This One Time, 9

This one time I was sitting on the train getting my work done, and by that I mean I was sleeping. The job I get paid for, which is not work at all, consists of sitting in a little room for eight hours a day with a stack of books and magazines — no music or movies or television or anything else that makes noise — and an endless stream of coffee or whatever it takes to stay awake for the entire time listening to a particular channel on a particular radio that plays a particular brand of static, and, when a particular light comes on, I have to write down with a particular pen on a particular pad of paper whatever I hear and then take a pill which, I am told, will only make me sleep and screw with my short-term memory enough to make it unlikely I’ll remember any of what I wrote down.

I am not allowed a phone or a computer or any method of writing even to work crosswords or stuff. I am strip-searched twice every day, once on the way in and once on the way out, and they even check my nails to make sure I keep them short and look me over to make sure I haven’t scratched anything into my skin.

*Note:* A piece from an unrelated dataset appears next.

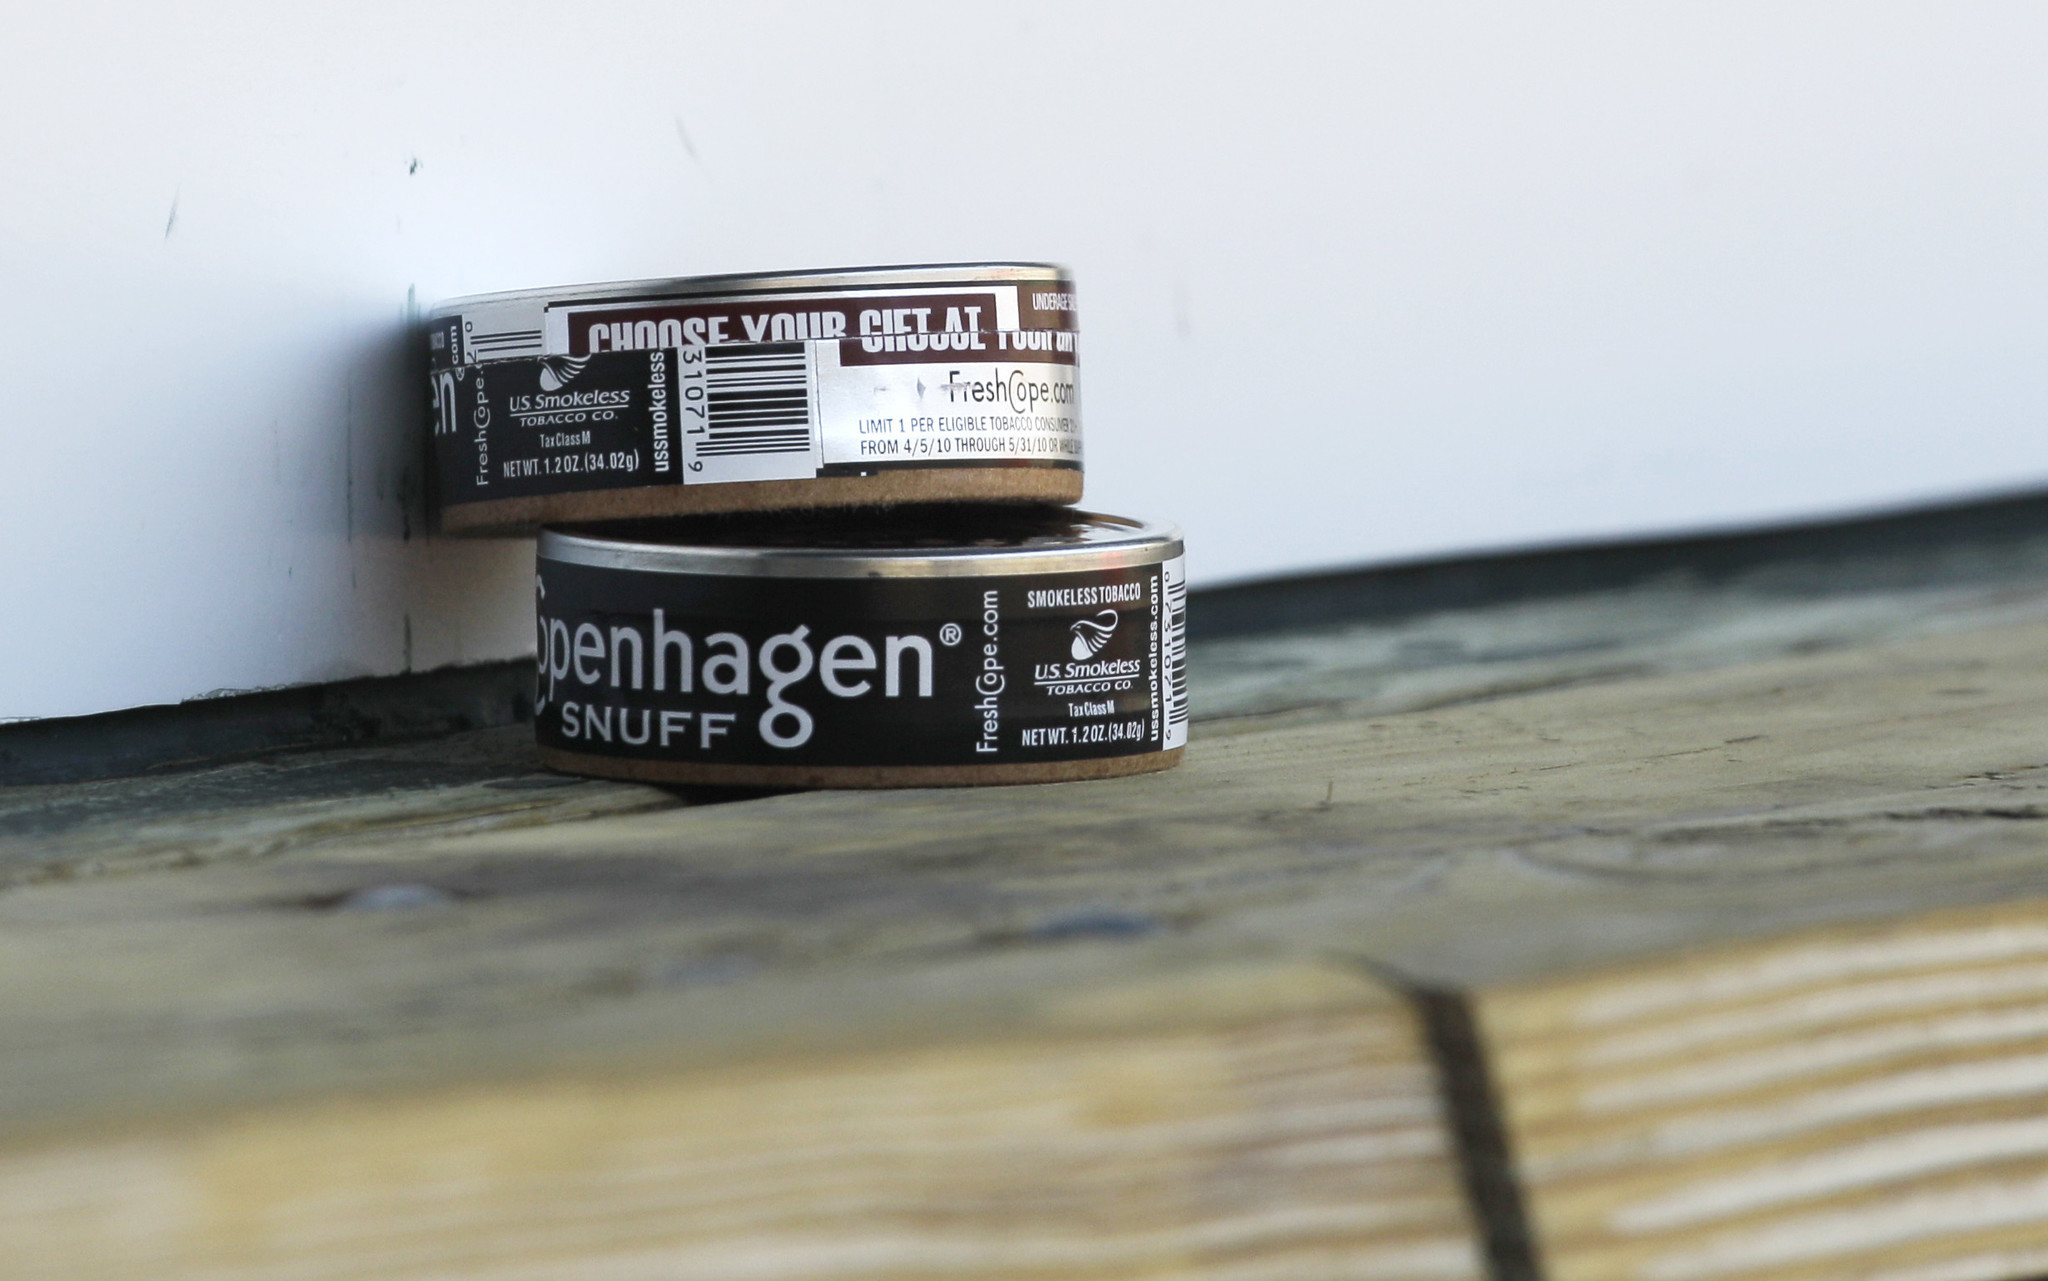 What companies sell Copenhagen Smokeless Tobacco?

At first it was demeaning, but what demeaning means drifts a bit with familiarity. Demeaning is when I can tell that the people looking me over aren’t paying attention to every detail and treating it like it’s important. Demeaning is when I take my clothes off and their minds are elsewhere and I can tell I that was when I could have gotten away with something. But I’m not allowed to talk to anyone or even to complain or answer questions, but every day I am allowed the opportunity to take the special pen and mark a special square on the special pad of paper that says, “I QUIT”.

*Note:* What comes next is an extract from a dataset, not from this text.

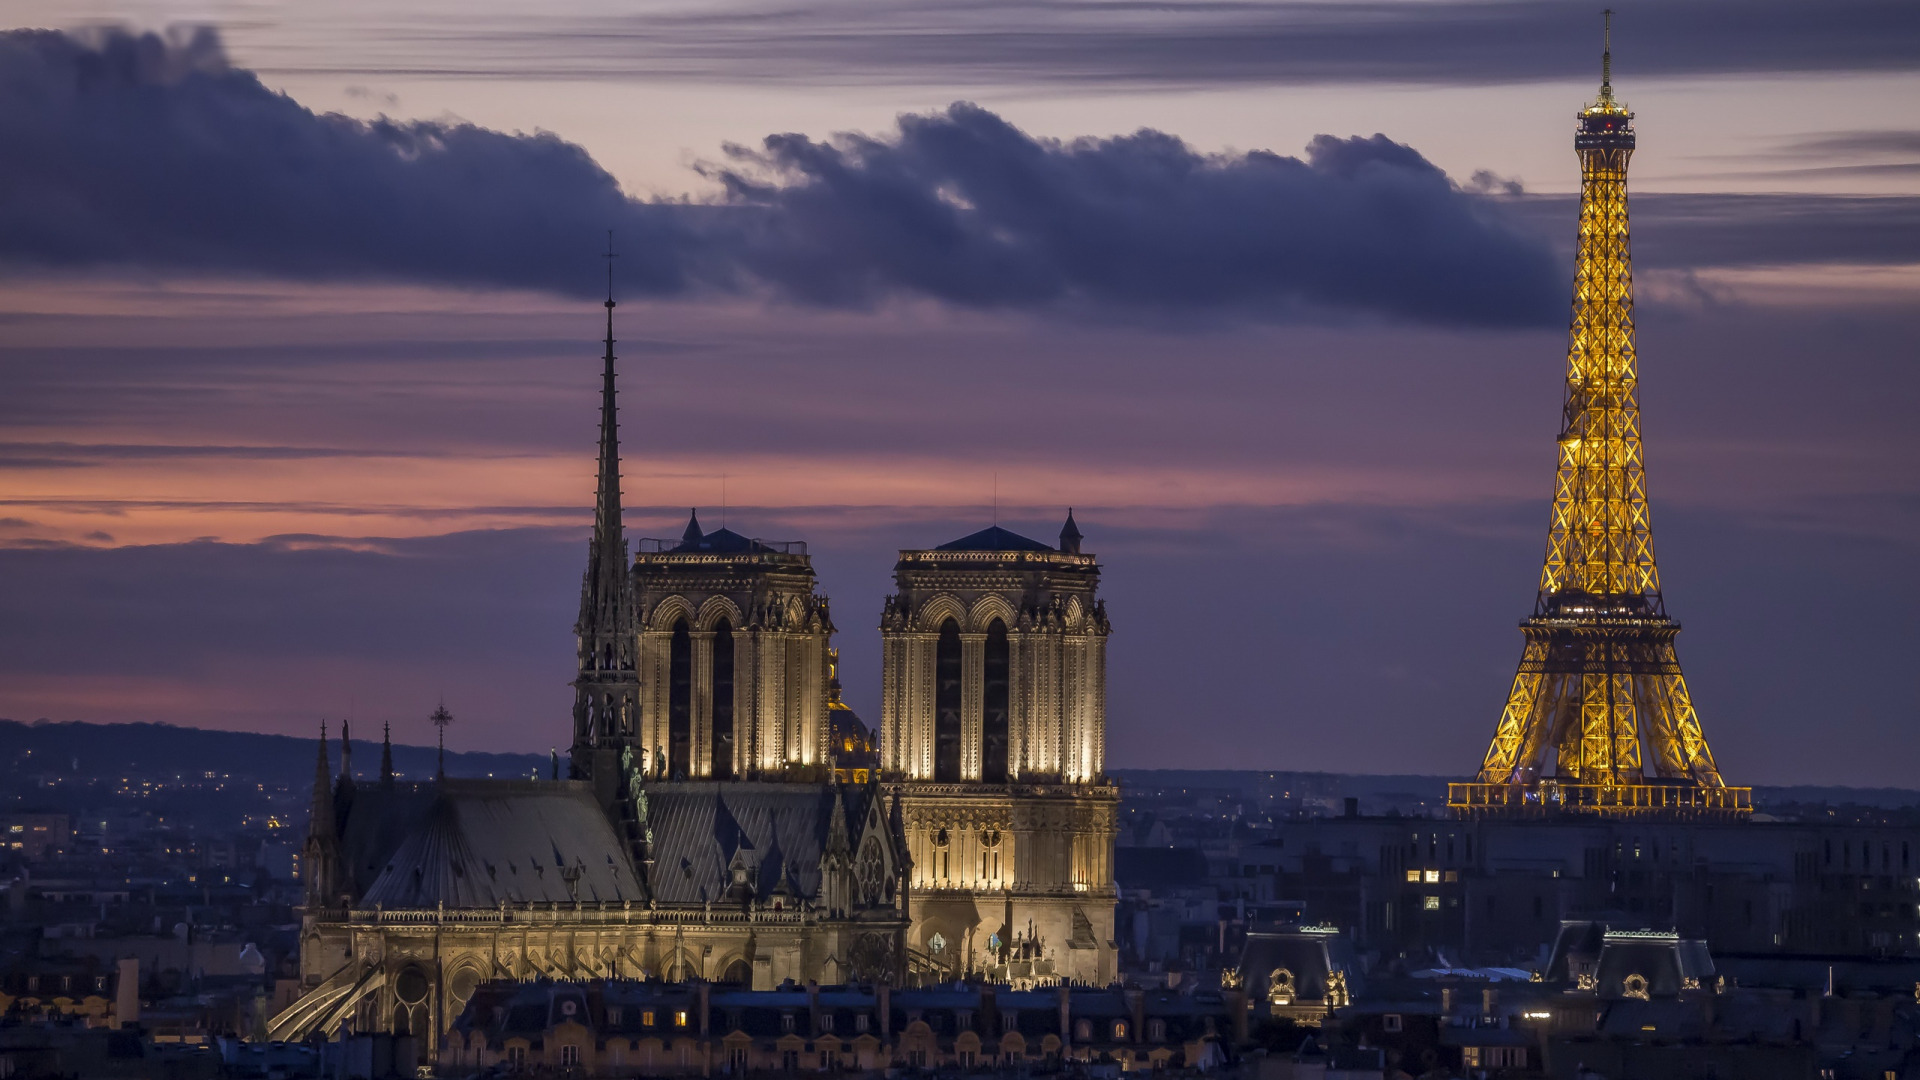 Architecture Building House Paris Eiffel Tower Clouds Evening Sunset Notre Dame Cathedral Capital Fr 1920x1080

Eight hours a day of that, one AM to 9 AM five days per week, and the one thing I’m not allowed to do in there is sleep.

My commute is backwards, but due to the shift I work, I head back into town with the B&T crowd commuting in. A car drops me off at a shopping center. I catch a shuttle there to the train back to town, and take another train to the end of the line, where I get off and walk to an apartment where I can’t goddamn sleep because the neighborhood is noisy and bright and I live right next to a primary school, where the kids come out in shifts like inmates at a prison into the recess area/exercise yard right under my goddamn window.

The trains aren’t very quiet either, but for some reason I find it easier to doze on the train headed home than in my apartment, even with earplugs and a sleep mask. I’ve perfected this wobbly “I’m about to throw up” look that gets me a seat in even the most crowded cars most of the time, and I’ve never been hassled in the twelve years I’ve been doing this, but even with all the practice and the rocking and the warmth of nearby bodies, sleeping is work either on the train or in my apartment, and if I don’t do enough of it before I have to go back to the place where I get paid to basically do nothing all day, then I’ll sleep there and get fired.

So this one time on the uptown train, I’m trying to work and I wake up because something isn’t right. I think maybe we’ve stopped too long or something’s broken down and we’re about to be asked to get off and wait for the next train or something and, whatever, that kind of thing happens every now and then and the commuting-to-work crew, most of whom are actually on one of the downtown trains by the time we hit Central Park North, so guaranteed I’ve got a seat by now… Where was I? The commuting-to-work crew doesn’t take it so well when we have to stop.

But anyway, the train hasn’t stopped, but it’s the quietest it’s ever been on a moving train, or maybe that’s just how it seems, but the tunnel outside the windows are the brightest I’ve ever seen them, like maybe they’ve got workers in the tunnels, or cops, or what have you. I’ve never seen it before, though. If there are workers or cops in the tunnels they shut down the trains. Like you’d imagine. So I turn and I look out the window and it looks like we’re in a huge underground switching station, with maybe twenty sets of parallel tracks and cars of sorts I don’t even recognize dotted about the landscape, not normal MTA cars from any line I ride.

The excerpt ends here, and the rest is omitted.